For partnerships, the Section 179 deduction for trucks (or any other qualifying property) is not claimed directly on the partnership’s own tax return as a partnership-level deduction. Instead, the partnership passes the Section 179 deduction through to its partners, who then claim the deduction on their own tax returns, subject to their individual limitations.

Here’s how the Section 179 deduction for a truck is reported on IRS tax forms for partnerships:

1. Form 1065 (U.S. Return of Partnership Income):

The partnership calculates the allowable Section 179 deduction for all qualifying property (including trucks) placed in service during the year. The total Section 179 deduction is reported on Form 1065, Schedule K, Line 12 (“Section 179 deduction”).

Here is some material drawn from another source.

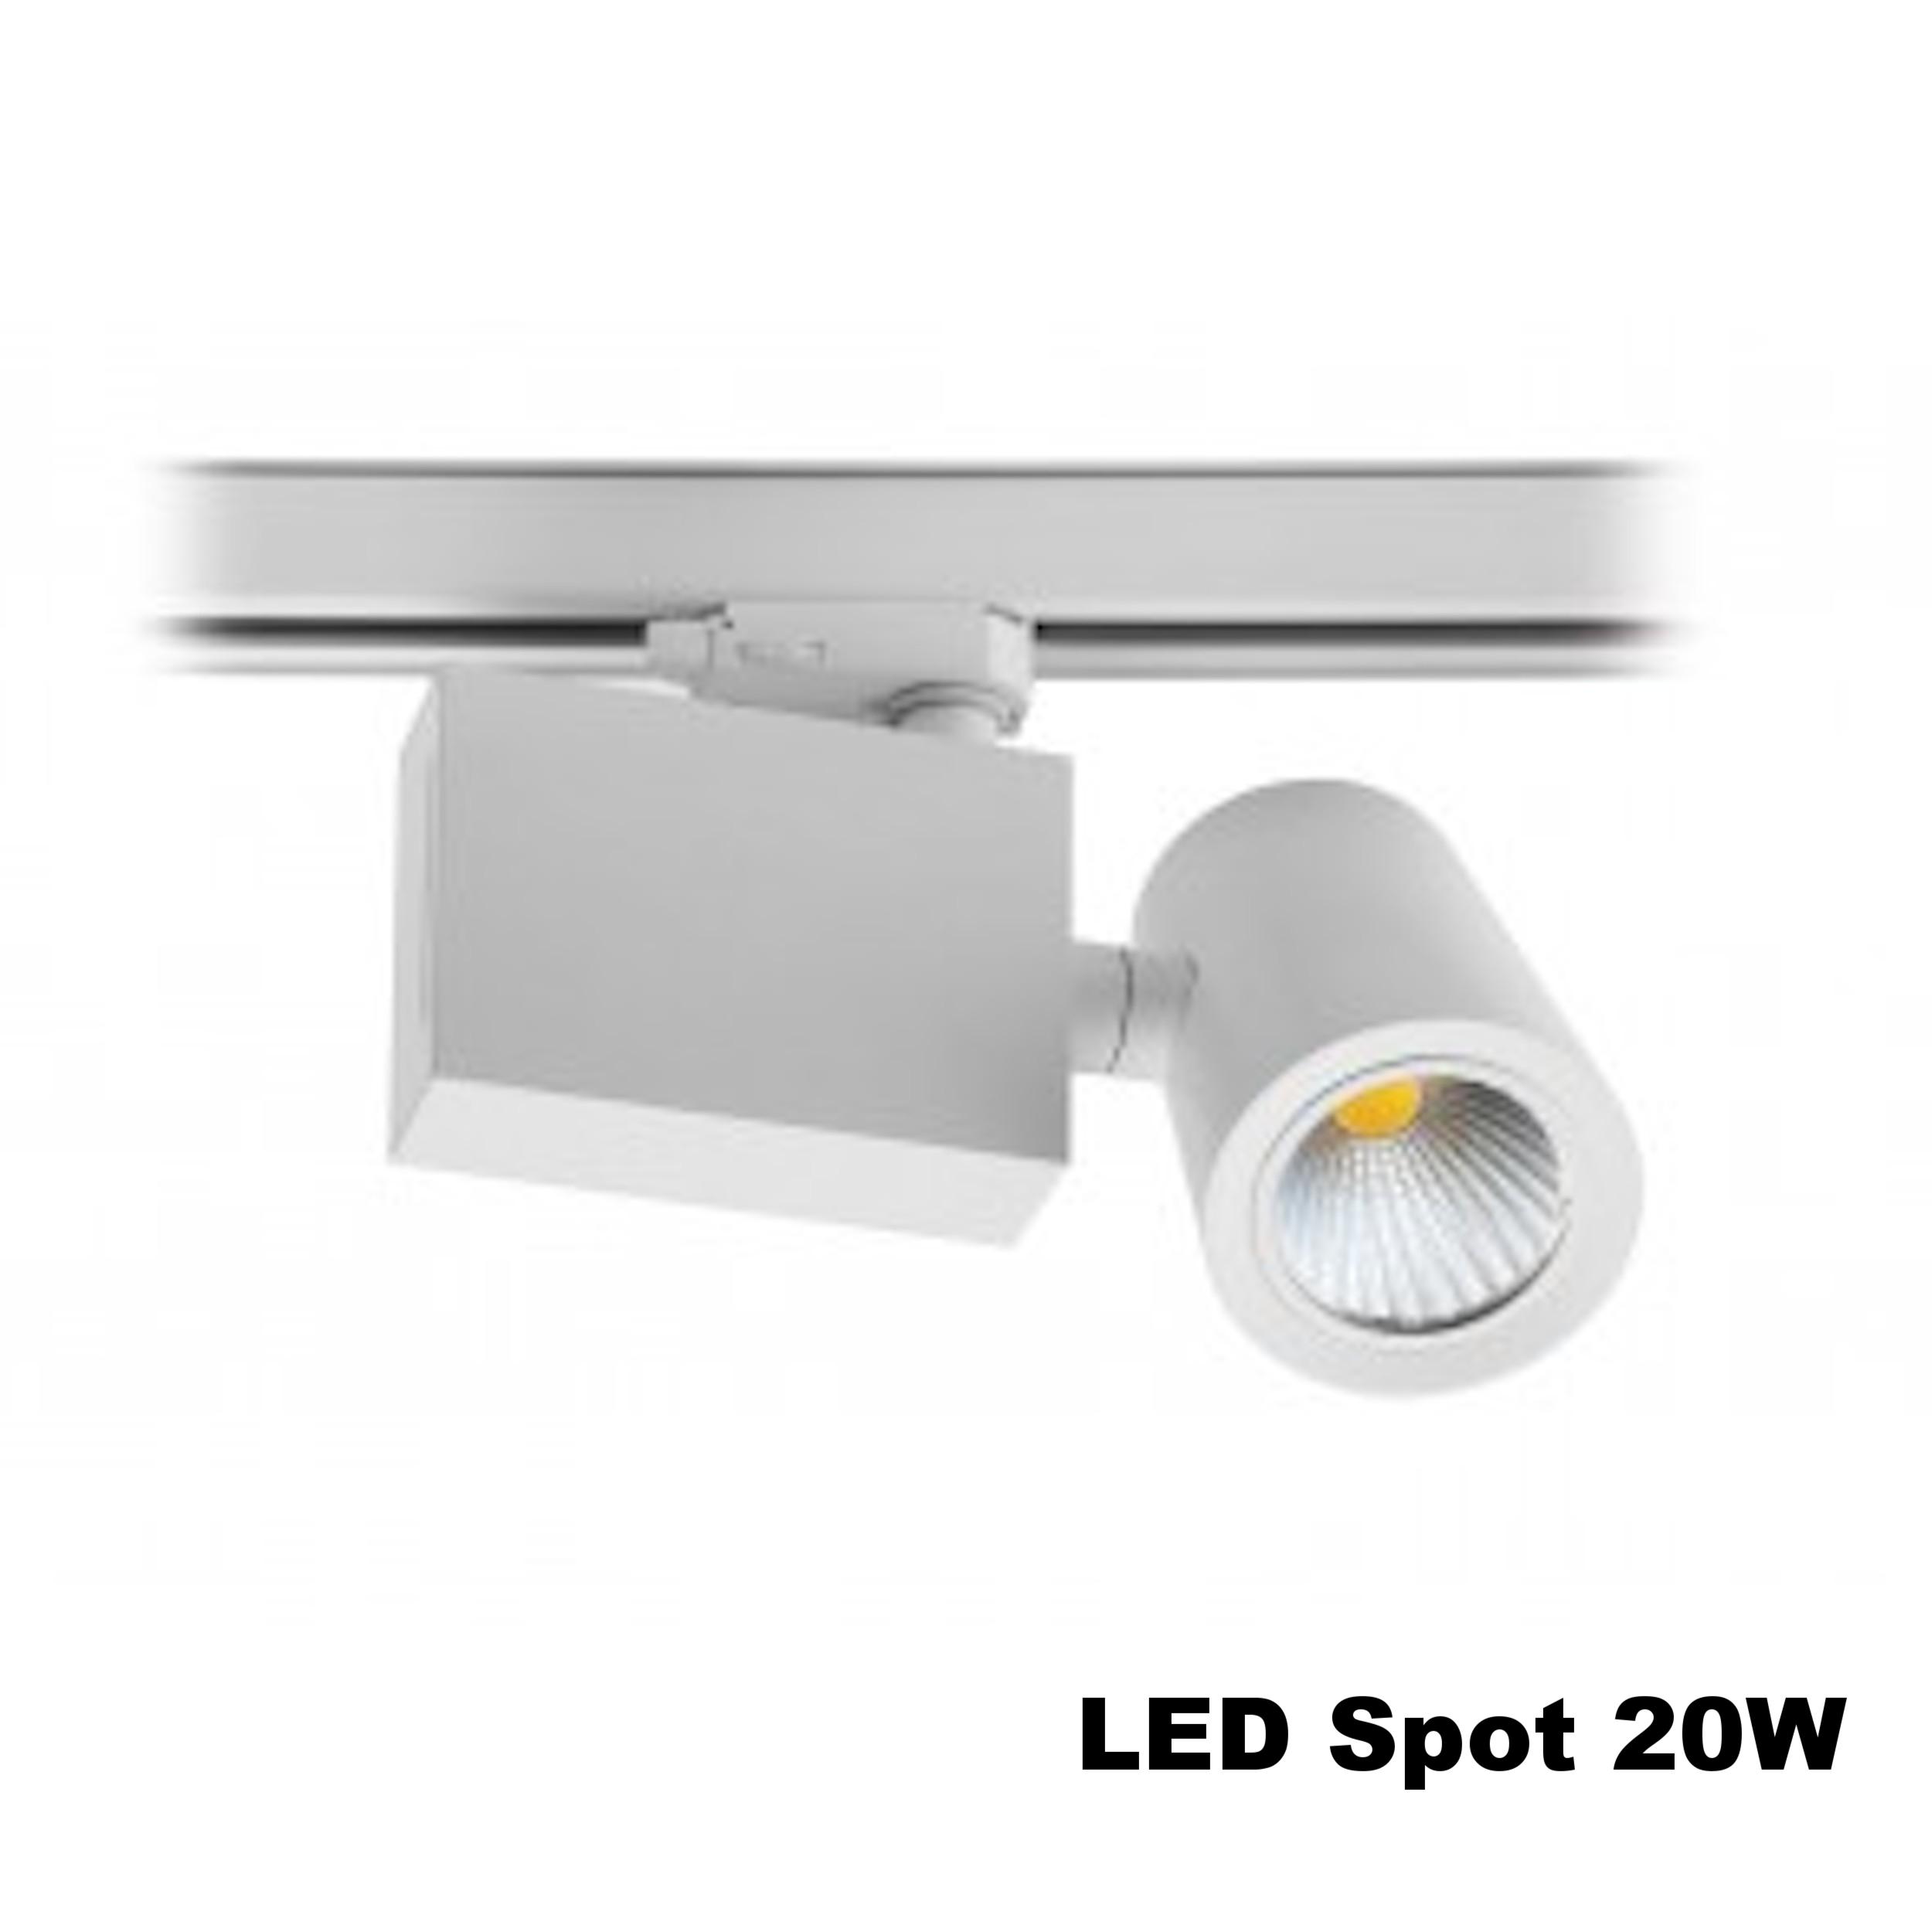 LED SPOT 20W

This is a separately stated item, not included in the partnership’s ordinary business income or loss on page 1 of Form 1065. The partnership must also complete and attach Form 4562 (Depreciation and Amortization) to Form 1065. Part I of Form 4562 is used to compute the Section 179 deduction, and the partnership’s total Section 179 deduction is shown on line 12 of Form 4562. The partnership attaches Form 4562 to its Form 1065 return.

2. Schedule K-1 (Form 1065) (Partner’s Share of Income, Deductions, Credits, etc.):

Each partner’s share of the Section 179 deduction is reported in Box 12 of Schedule K-1 (Form 1065), using code “I” for Section 179 deduction. The partnership must provide an attached statement to each partner’s K-1 showing the partner’s share of the cost of Section 179 property placed in service during the year, including the truck, and any other information needed for the partner to properly claim the deduction and apply the limitations.

3. Partner’s Individual Tax Return:

Each partner receives a Schedule K-1 showing their share of the Section 179 deduction. The partner then reports the Section 179 deduction on their own tax return (for individuals, this is typically on Form 1040, Schedule E, and Form 4562), subject to the partner’s own Section 179 limitations (such as taxable income limitation and basis limitation).

4. Summary of Reporting Steps:

- Form 1065, Schedule K, Line 12: Total partnership Section 179 deduction (including trucks).

- Form 4562 (attached to Form 1065): Details and computation of Section 179 deduction.

- Schedule K-1, Box 12, Code I: Each partner’s share of the Section 179 deduction.

- Partner’s own return: Partner claims the deduction, subject to limitations.

Special Notes:

The partnership must reduce the basis of the truck by the amount of Section 179 deduction elected, even if a partner cannot use the full deduction due to their own limitations. Estates and trusts cannot claim the Section 179 deduction, so if a partner is an estate or trust, the partnership does not allocate Section 179 to them.

In summary: The Section 179 truck deduction is reported on Form 1065, Schedule K, Line 12, and on each partner’s Schedule K-1, Box 12, Code I, with details on Form 4562 attached to the partnership return. Each partner then claims their share on their own tax return, subject to limitations.